Having received most of his musical education listening to the great tenors of the past on LP from Bjorling to Pavarotti, I’m interested to find out if one has influenced more than any of the others. “No, I can’t pick one. For example Luciano Pavarotti is like a God – a phenomenon, but Bjorling had a wonderful softness to his voice and then there’s Gigli, Carreras, Domingo, you know I am in love with the voice and I have a huge respect for my colleagues as it’s very difficult to go on stage. It takes courage.”

When I ask him to look back at his career and discuss some of his most notable achievements he is reluctant to take a trip down memory lane as for him the future is more important, but when pressed he admits that Covent Garden is very special as not only did he meet Angela Gheorghiu here (his wife), but made his debut with The Royal Opera in 1992, “I was young. It was very exciting, and I love the city and I enjoy working here. I love the reaction of the public here – it’s very noble and when they love you, they love you sincerely. I like that.”

Radames, the role he is currently singing with the company, is often considered not only to be very difficult but one of Verdi’s ‘heavier’ tenor roles but Roberto doesn’t see that there’s any difference in singing ‘heavy’ and ‘light’ roles. “I never think about that. Absolutely never. You know the first time I sang in Pagliacci which is very heavy I was thirty-three years’ old. And I also sang Don Carlos when I was the same age. I just try and put my voice into those characters. I don’t try and sing with another voice – it’s the same voice I use to sing Nemorino.
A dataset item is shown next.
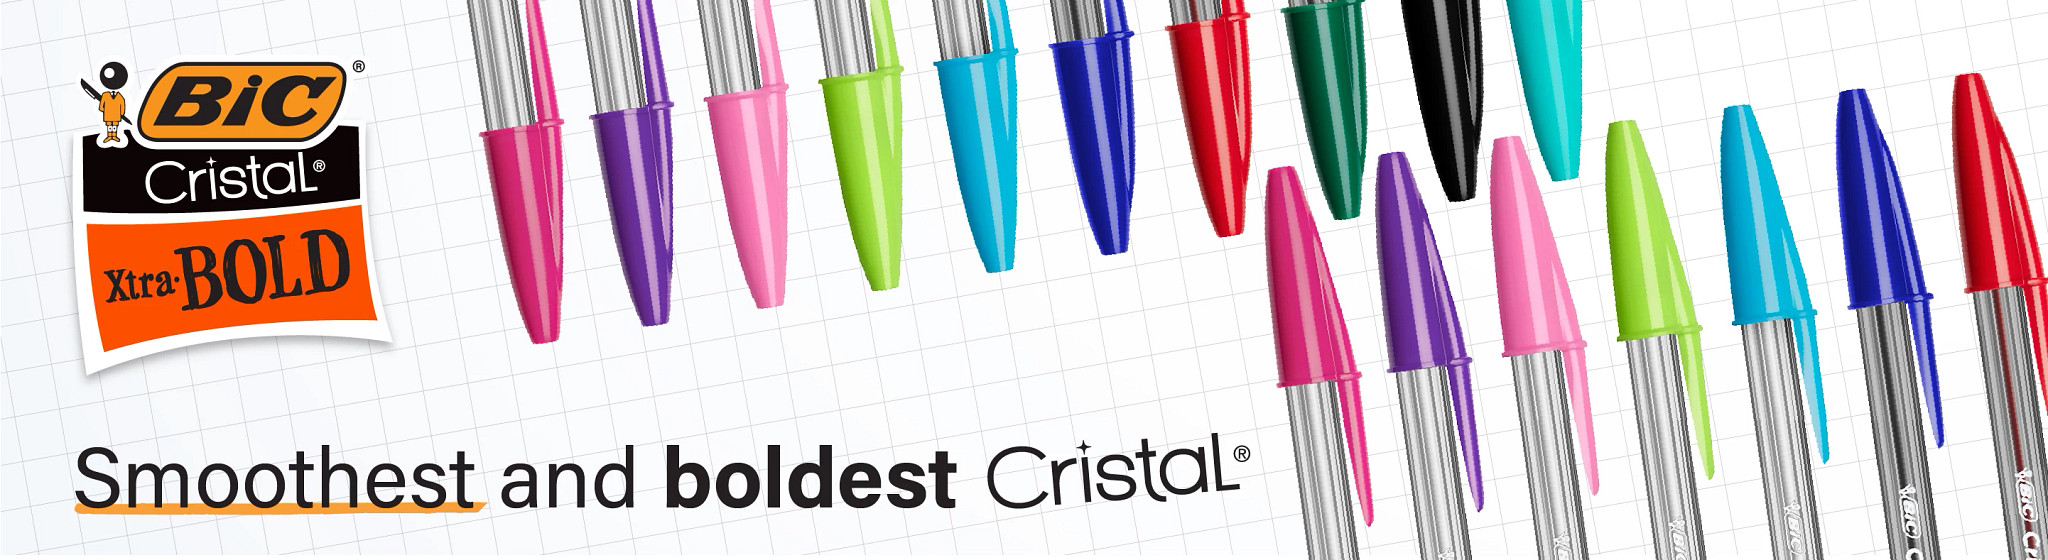 Bic Cristal Ball Pen, Bold (1.6 mm), Assorted Ink - 8 pens
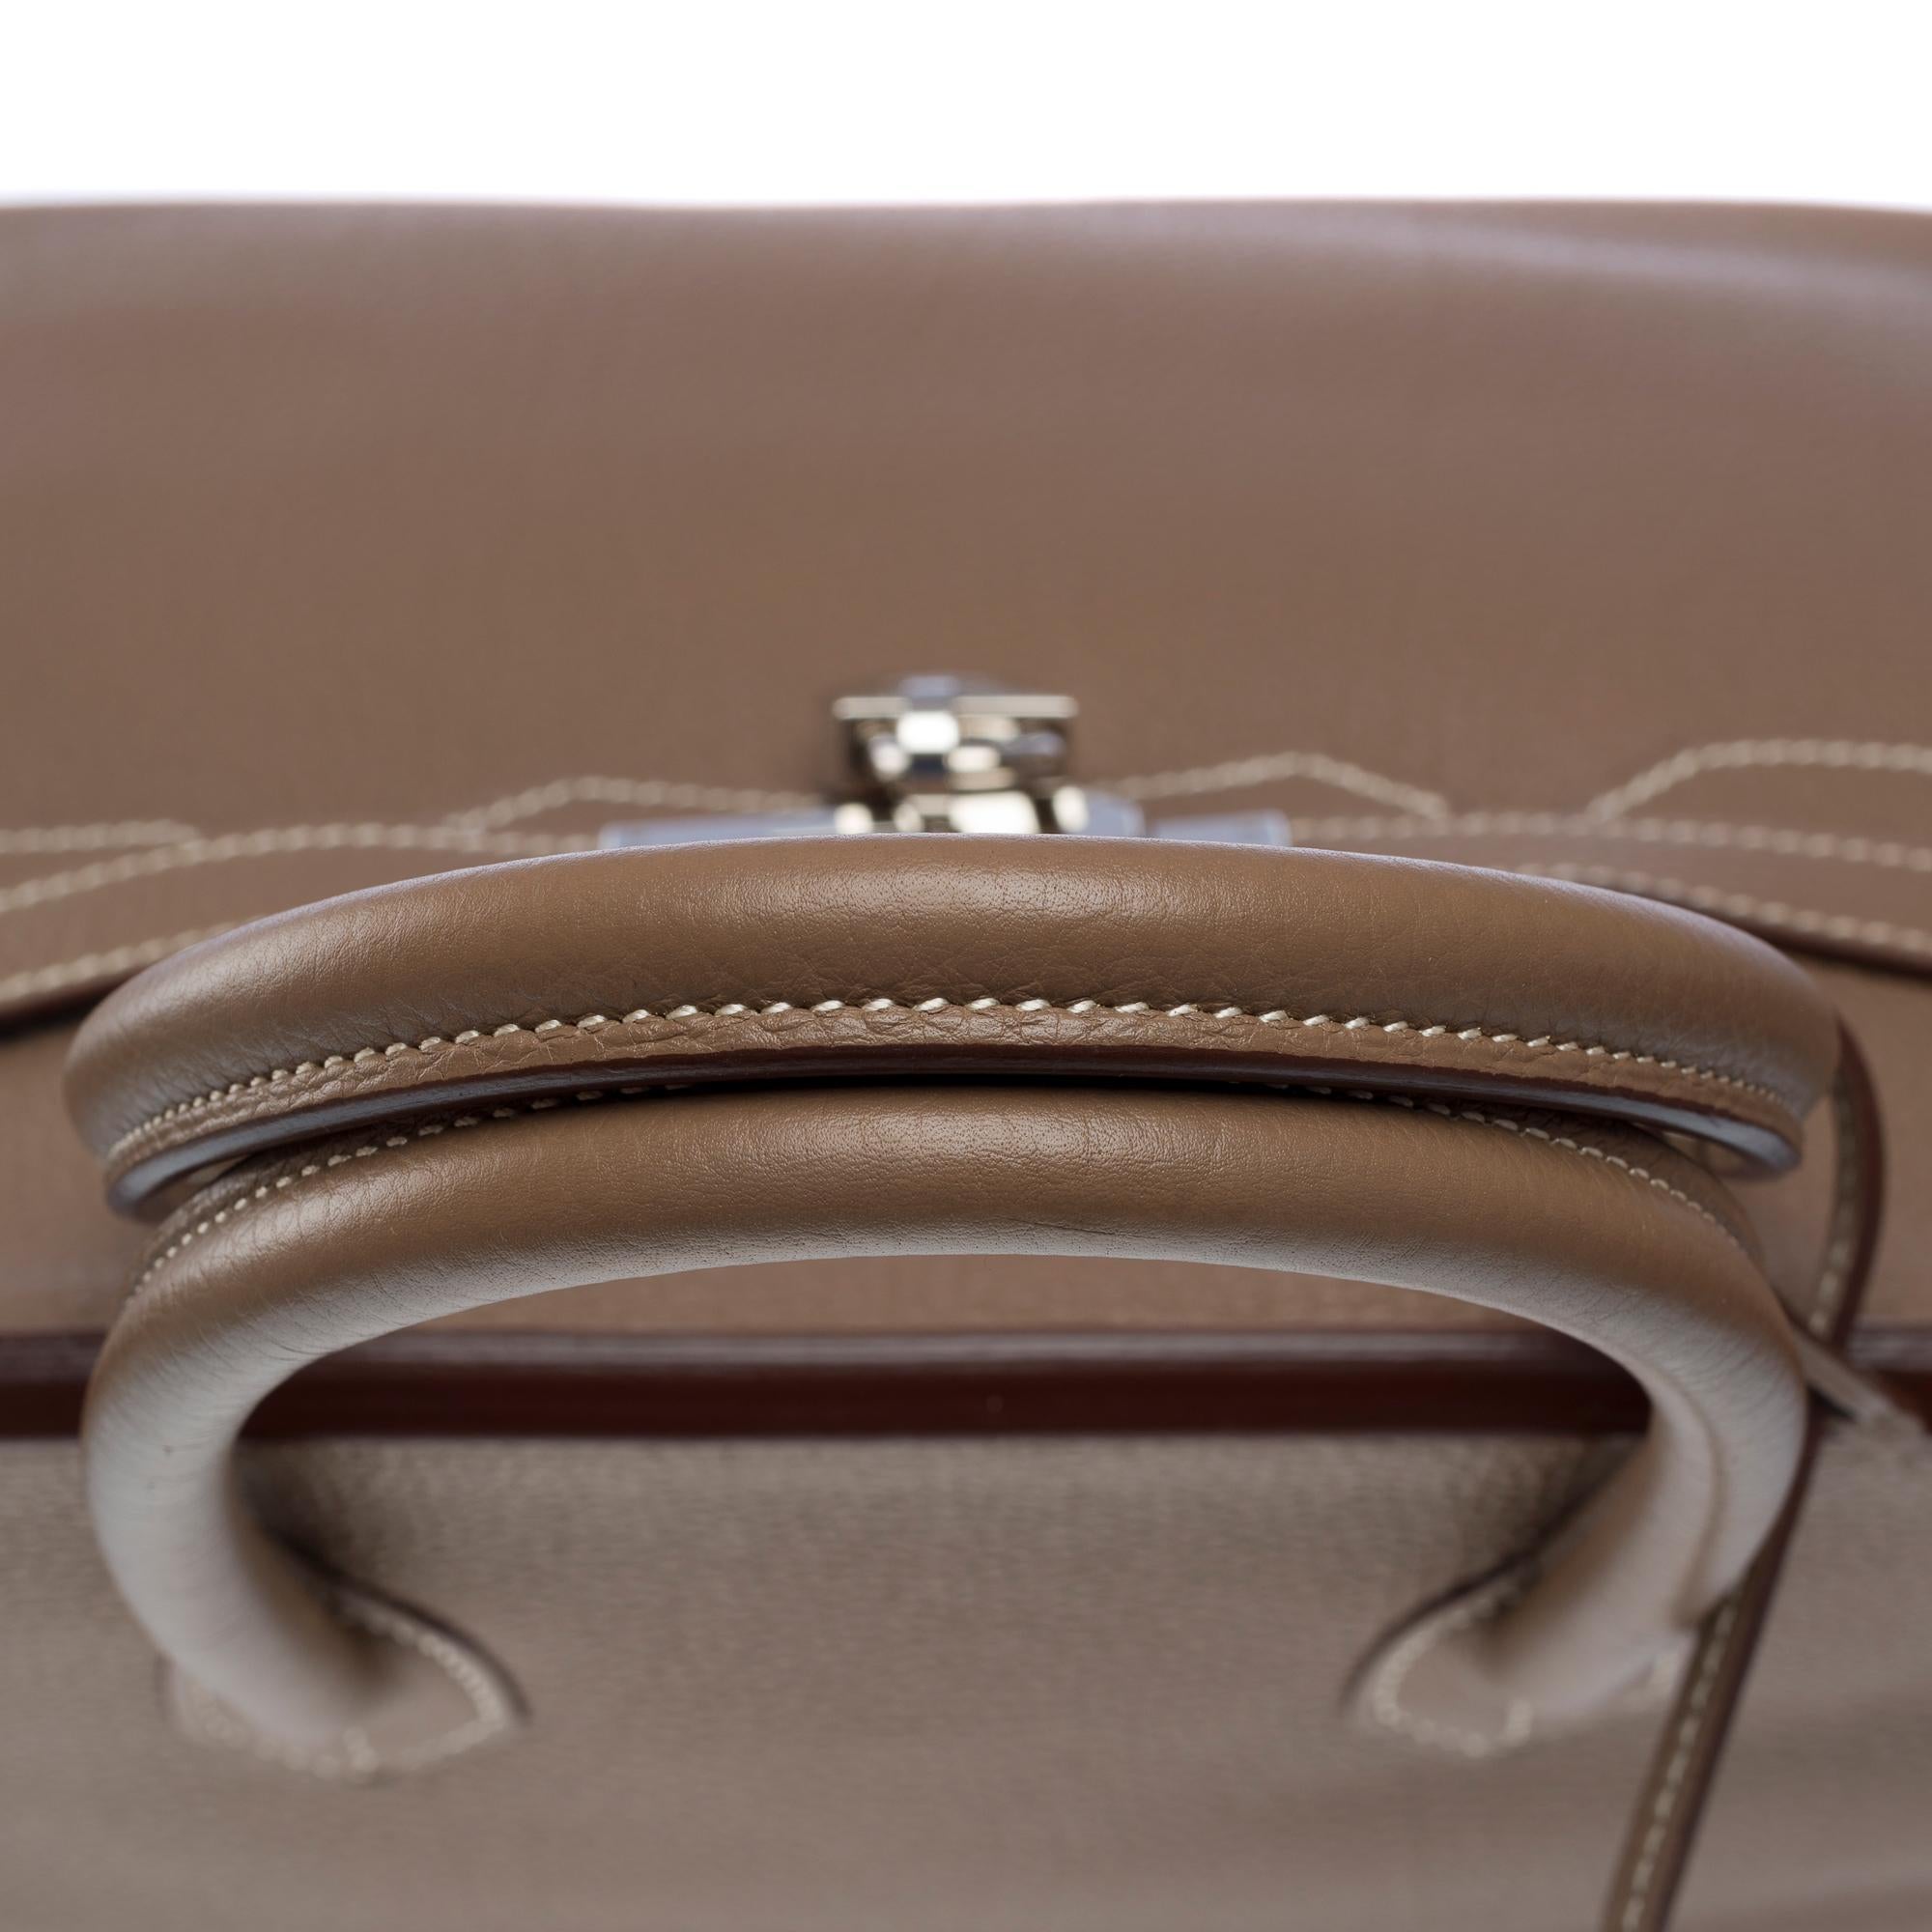 Stunning Hermès Birkin 35 handbag in etoupe Togo leather, SHW 7

These days people are used to listening to Otello being sung with a very dark baritonal sound, but if Verdi had wanted a baritone he would have written the role for a baritone but he choose to write it for a tenor because he wanted the brightness and the colour that a tenor can bring to the role. A tenor must sound like the sun – there must be the feeling and sound of sun in the voice.”

He has plans to continue singing Rodolfo in La Bohème and Nemorino in L’Elisir d’amore and as far as he’s concerned Nemorino is also a heavy role as the character is on stage for most of the evening and the role involves a lot of singing so is on a par with Radames. Despite all the talk of Otello he won’t be drawn into whether this is a role he has his sights on, nor are we likely to see him singing much of the German repertoire in the future either, but he will be adding other French and Italian roles but is in no hurry to relinquish any of the roles currently in his repertoire. “I want to keep the voice as fresh as it was when I first started singing.” And given the current rave reviews his performances as Radames are earning, that seems to be the case.

Aida is in repertory at The Royal Opera House, Covent Garden until 15 April 2011. Roberto Alagna sings Radames until 19 March. www.roh.org.uk.